Technical information
- Licensing authority: CRT
- Class: A (clear-channel)
- Power: 50 kW day 20 kW night
- Transmitter coordinates: 19°23′19.5″N 99°07′30.1″W﻿ / ﻿19.388750°N 99.125028°W

= XEOY-AM =

Radio station in Mexico City

XEOY-AM is a radio station based in Mexico City on 1000 kHz. The station is owned by NRM Comunicaciones and simulcasts the programming of sister station XHMM-FM 100.1, with the adult contemporary format Stereo Cien.

KNWN in Seattle, Washington, WMVP in Chicago, Illinois and XEOY-AM share Class A status of 1000 AM.

==History==
XEOY was founded on February 10, 1941, by Ignacio Díaz Raygosa and Jose Iturbe Umantour; Raygosa was the grandson of former Mexican president Porfirio Díaz, while Umantour's grandfather was José Yves Limantour, the finance secretary for most of the Porfiriato. The first broadcast of XEOY-AM was the Ninth Symphony by Ludwig van Beethoven. In 1942 it was sold to Guillermo Salas Peyró, who gave the station its long-running name of "Radio Mil" (Radio Thousand), after its position on the dial. From XEOY-AM, Núcleo Radio Mil was formed, adding XEPH-AM 590, XEMX-AM 1380, XEBS-AM 1410 and XEUR-AM 1530 to the fold.

From the 1950s onward, XEOY's format imitated that of XEW-AM, with general interest and family programming, as well as recorded music. August 28, 1955, saw XEOY branch out onto FM with XEOY-FM, originally on 100.5 MHz and later on 100.9 MHz. In 1961, that station became classical music "Estereomil"; it was swapped with XEBS-FM in 1967 to move to 89.7 MHz (now XEOYE-FM), while 100.9 FM is now XHSON-FM (still owned by NRM).

In 1980, XEOY-AM became the first AM radio station in Mexico to broadcast in stereophonic sound; the SCT would not help stations broadcast in stereo until 1990.

In May 2006, the station switched from its traditional oldies musical format to a primarily talk outlet, focused around promoting tourism and Mexican traditions.
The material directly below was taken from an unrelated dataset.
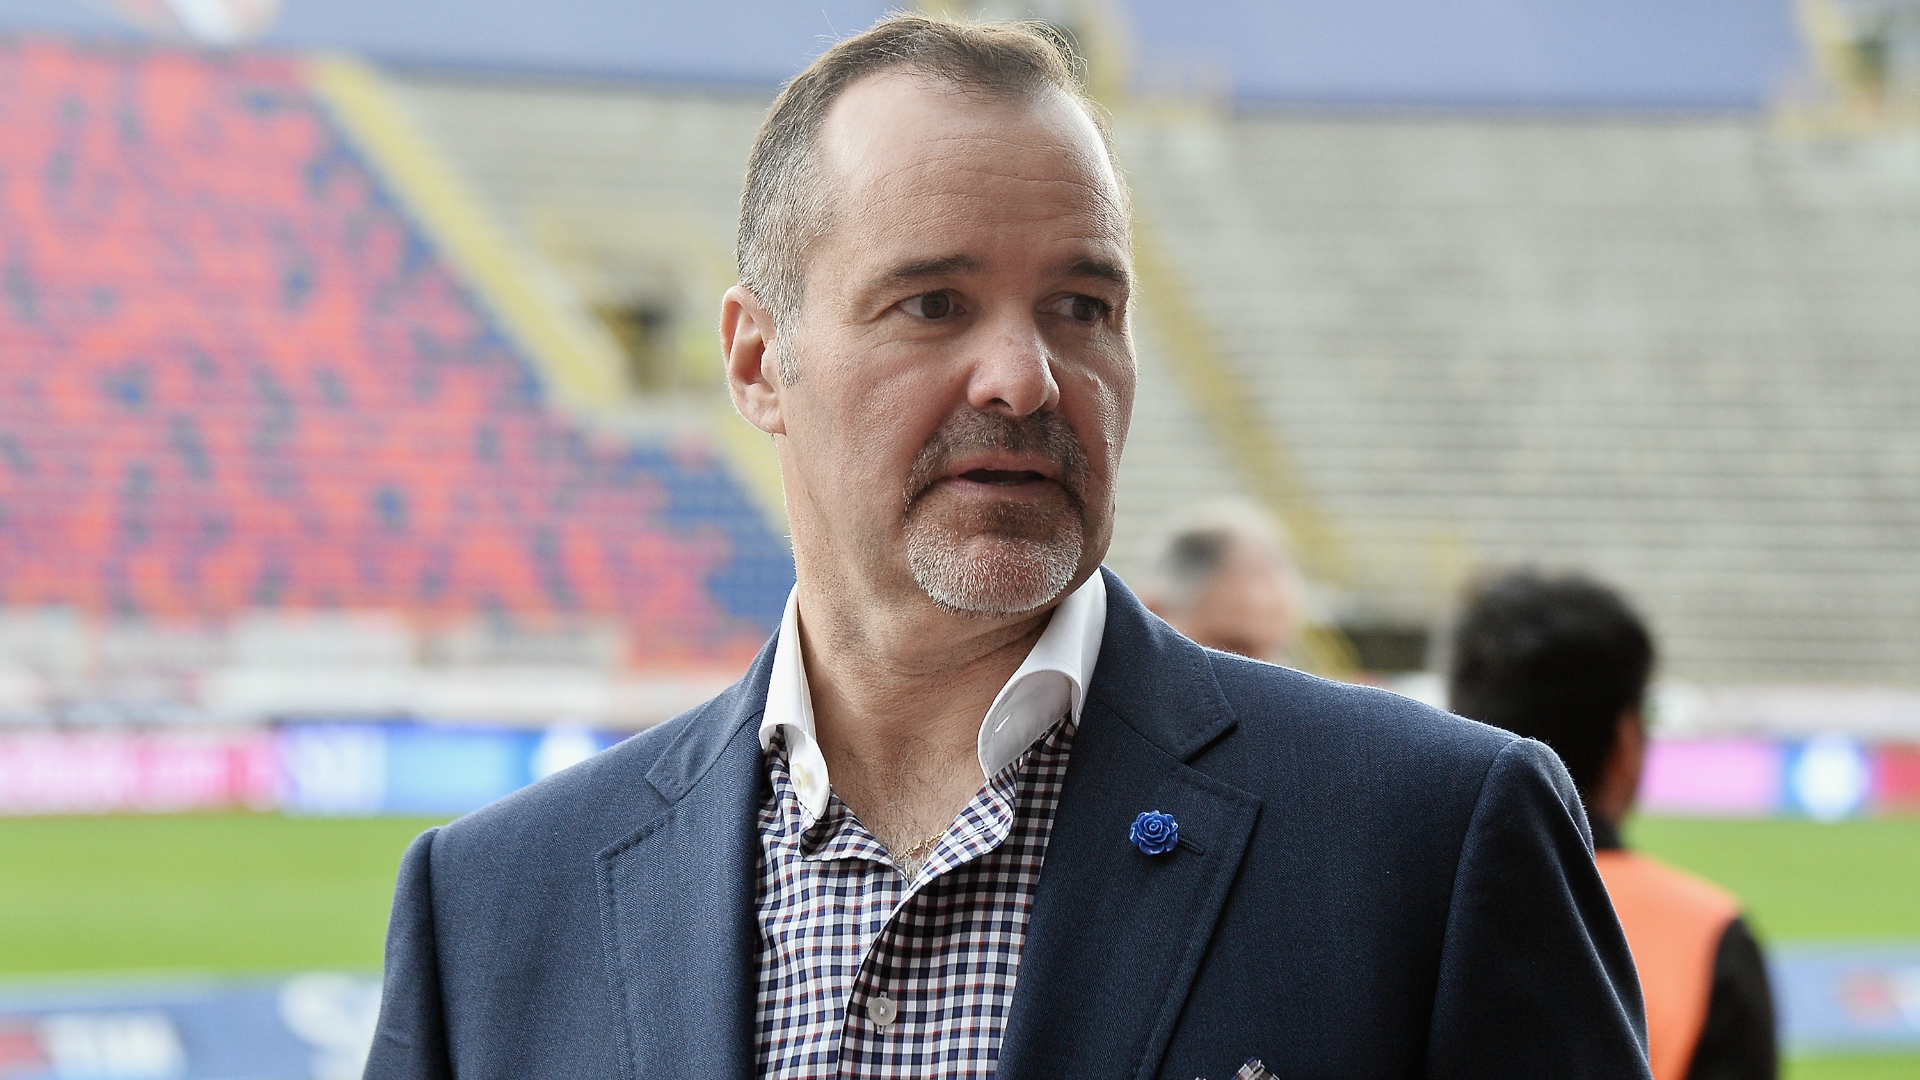 Joey Saputo Bologna chairman

In 2017, the name was changed from Radio Mil to Mil AM, at which time the talk programming began to be phased out and replaced with a musical format again, now consisting of Spanish-language pop from the 1970s to the 2000s, including three daily hours dedicated exclusively to Juan Gabriel, José José and Luis Miguel.

XEOY retook its original name of Radio Mil on November 1, 2020. After 80 years, on June 7, 2021, Radio Mil came to an end and XEOY became a simulcast of XHMM-FM "Stereo Cien".